Data on aggregated form looks different, with each row aggregating the number of ratings for each category. The following example is from Fleiss (1971).

knitr::kable(head(dat.fleiss1971))
depression personality disorder schizophrenia neurosis other
0 0 0 6 0
0 3 0 0 3
0 1 4 0 1
0 0 0 0 6
0 3 0 3 0
2 0 4 0 0

The dataset has categories

colnames(dat.fleiss1971)
#> [1] "depression"           "personality disorder" "schizophrenia"       
#> [4] "neurosis"             "other"

Provided we understand depression as being 1, personality disorder as being 2, and so on, we can calculate and do inference on the quadratically weighted Fleiss kappa (but not Conger’s kappa) for data on this form.
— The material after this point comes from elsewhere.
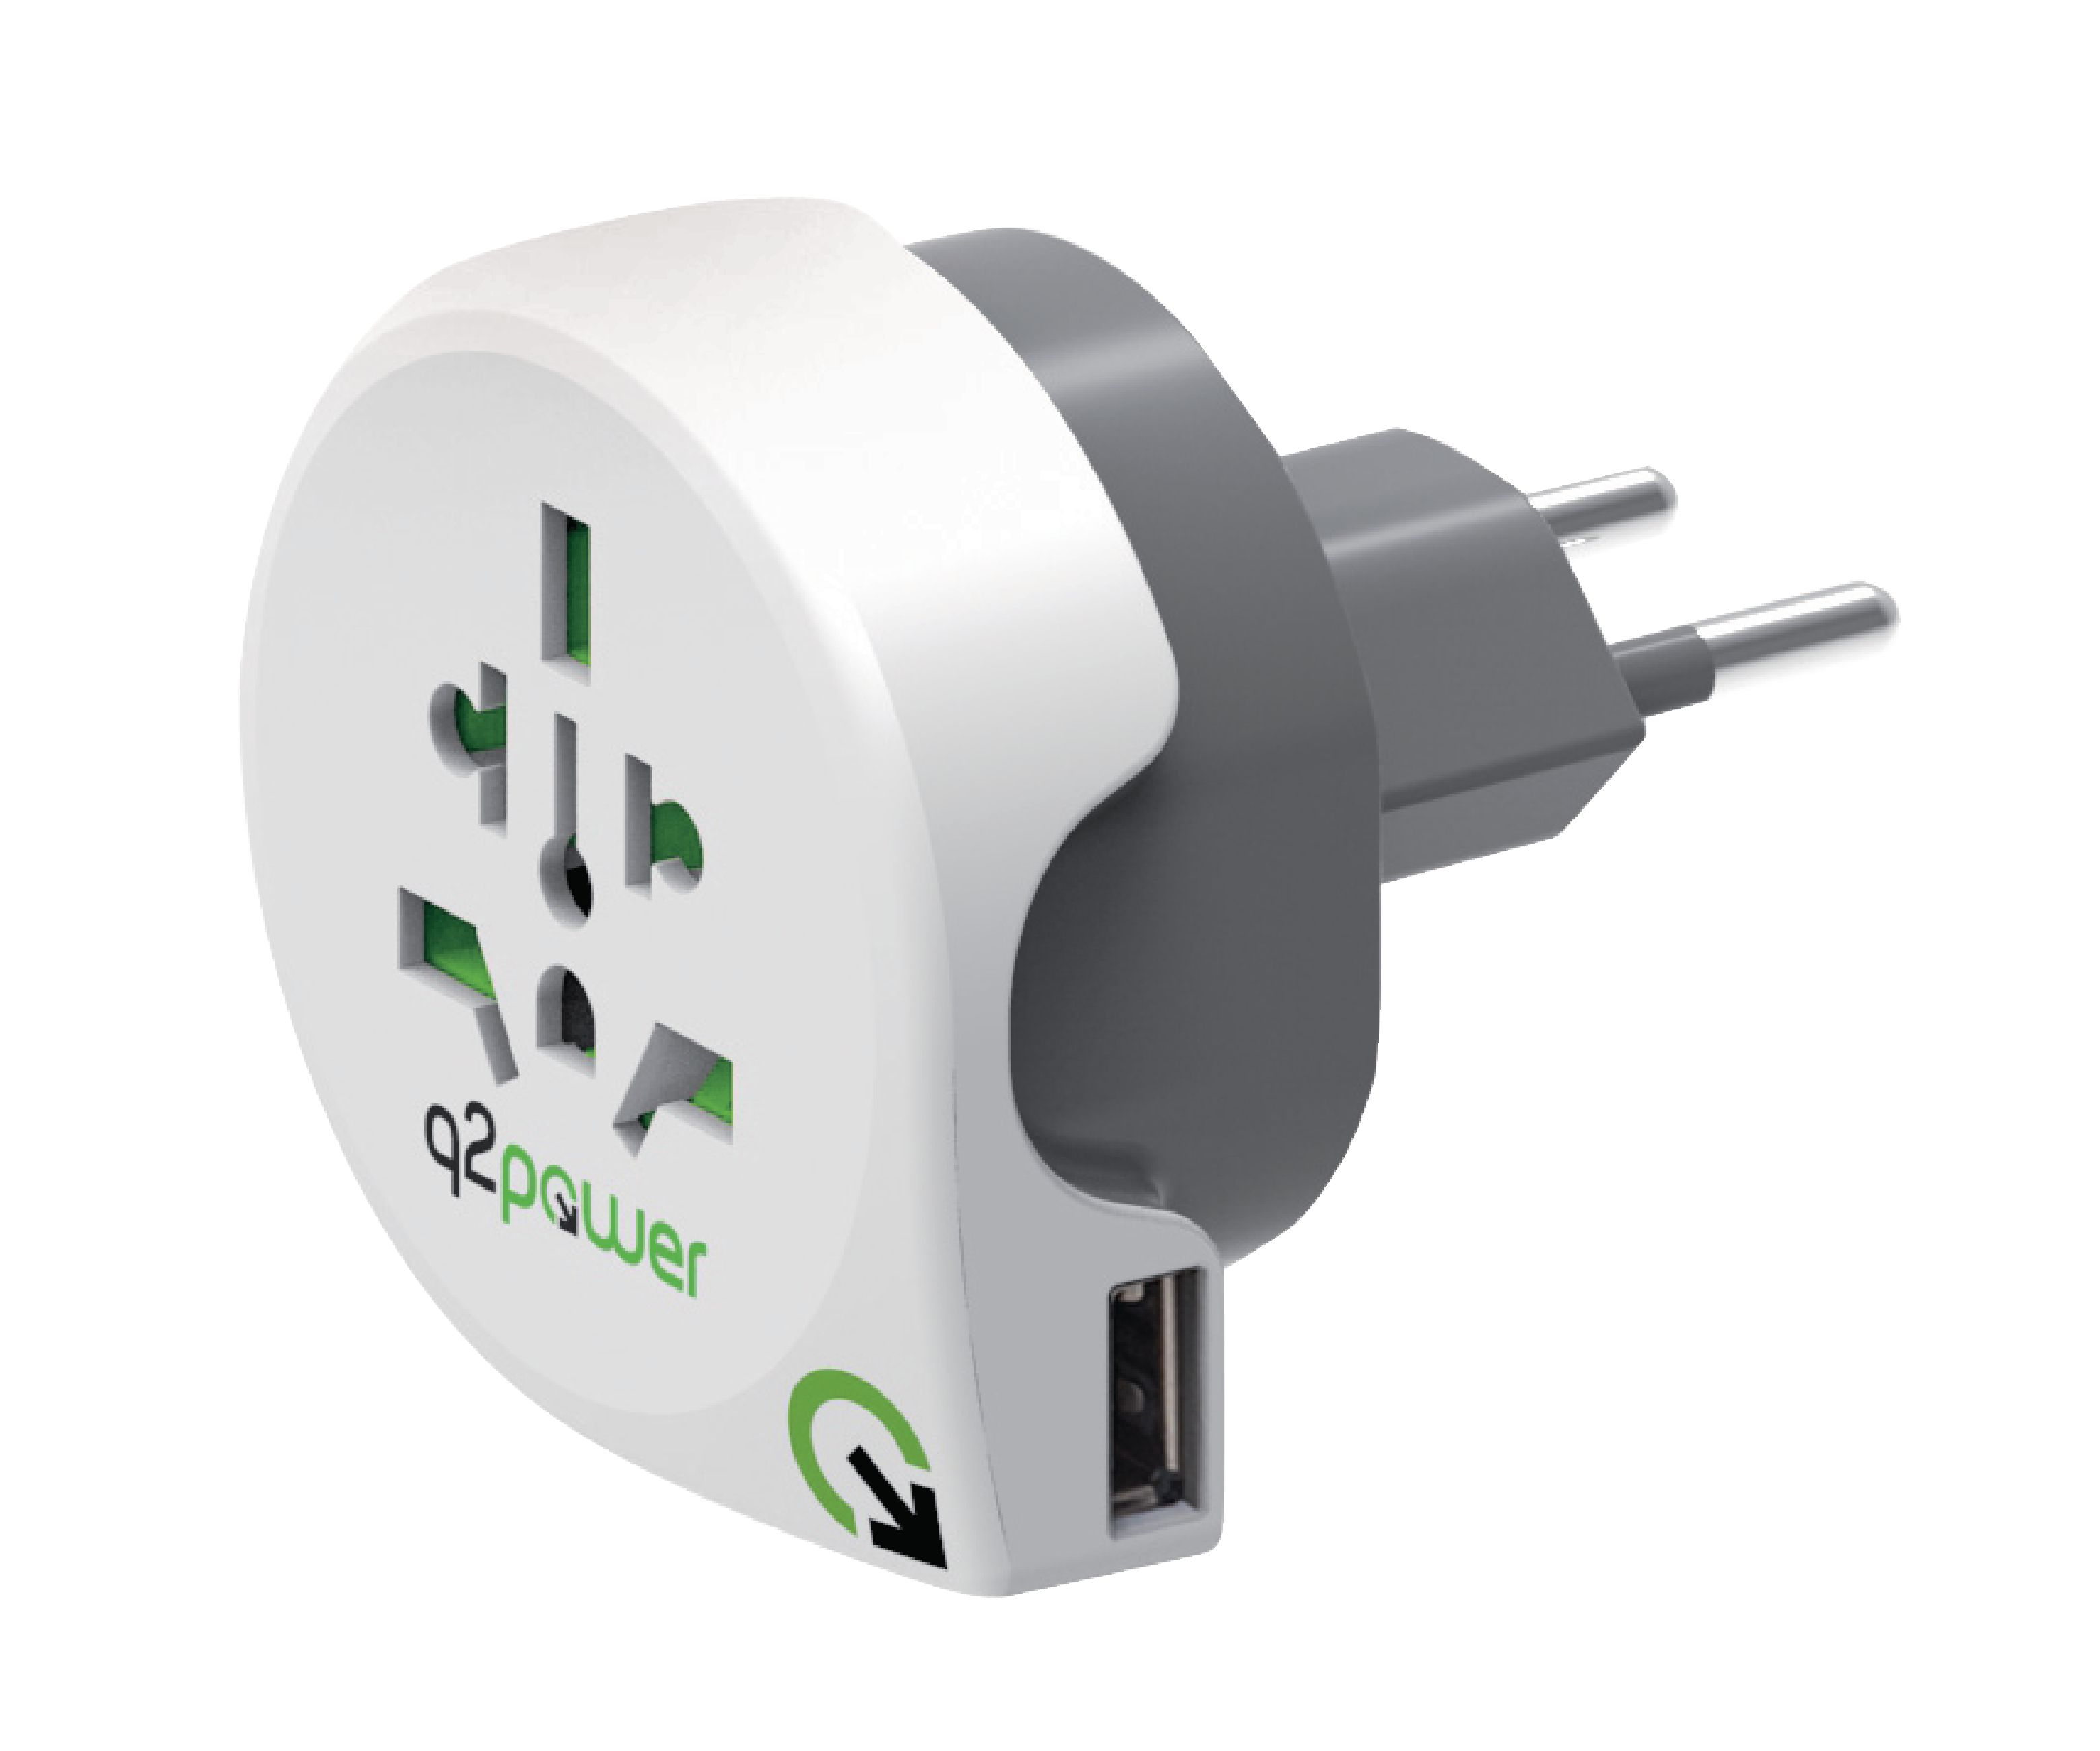 plug power q2 ups electrical wiring diagram matka adapteri world to switzerland usb 1 100210 q2power

fleissci_aggr(dat.fleiss1971)
#> Call: fleissci_aggr(x = dat.fleiss1971)
#> 
#> 95% confidence interval (n = 30).
#>      0.025      0.975 
#> 0.05668483 0.51145967 
#> 
#> Sample estimates.
#> kappa.xtx        sd 
#> 0.2840722 0.5987194

The results from using the aggregated functions agree with irrCAC, despite the underlying methodology being different. The main contributions of this package when it comes to aggregated data is the ability to calculate the new variant of the Brennan-Prediger coefficient, the support for a a values telling the program what value to attach to each rating, and the support for transforms. The calculations are also marginally faster, about 22 times, but this is unlikely to have an impact. Note that inference for missing data on aggregated form is not supported. Data on aggregated form can, however, be bootstrapped, and the transforms none, fisher and arcsin are supported. The type options used in the long form do not make sense in this context.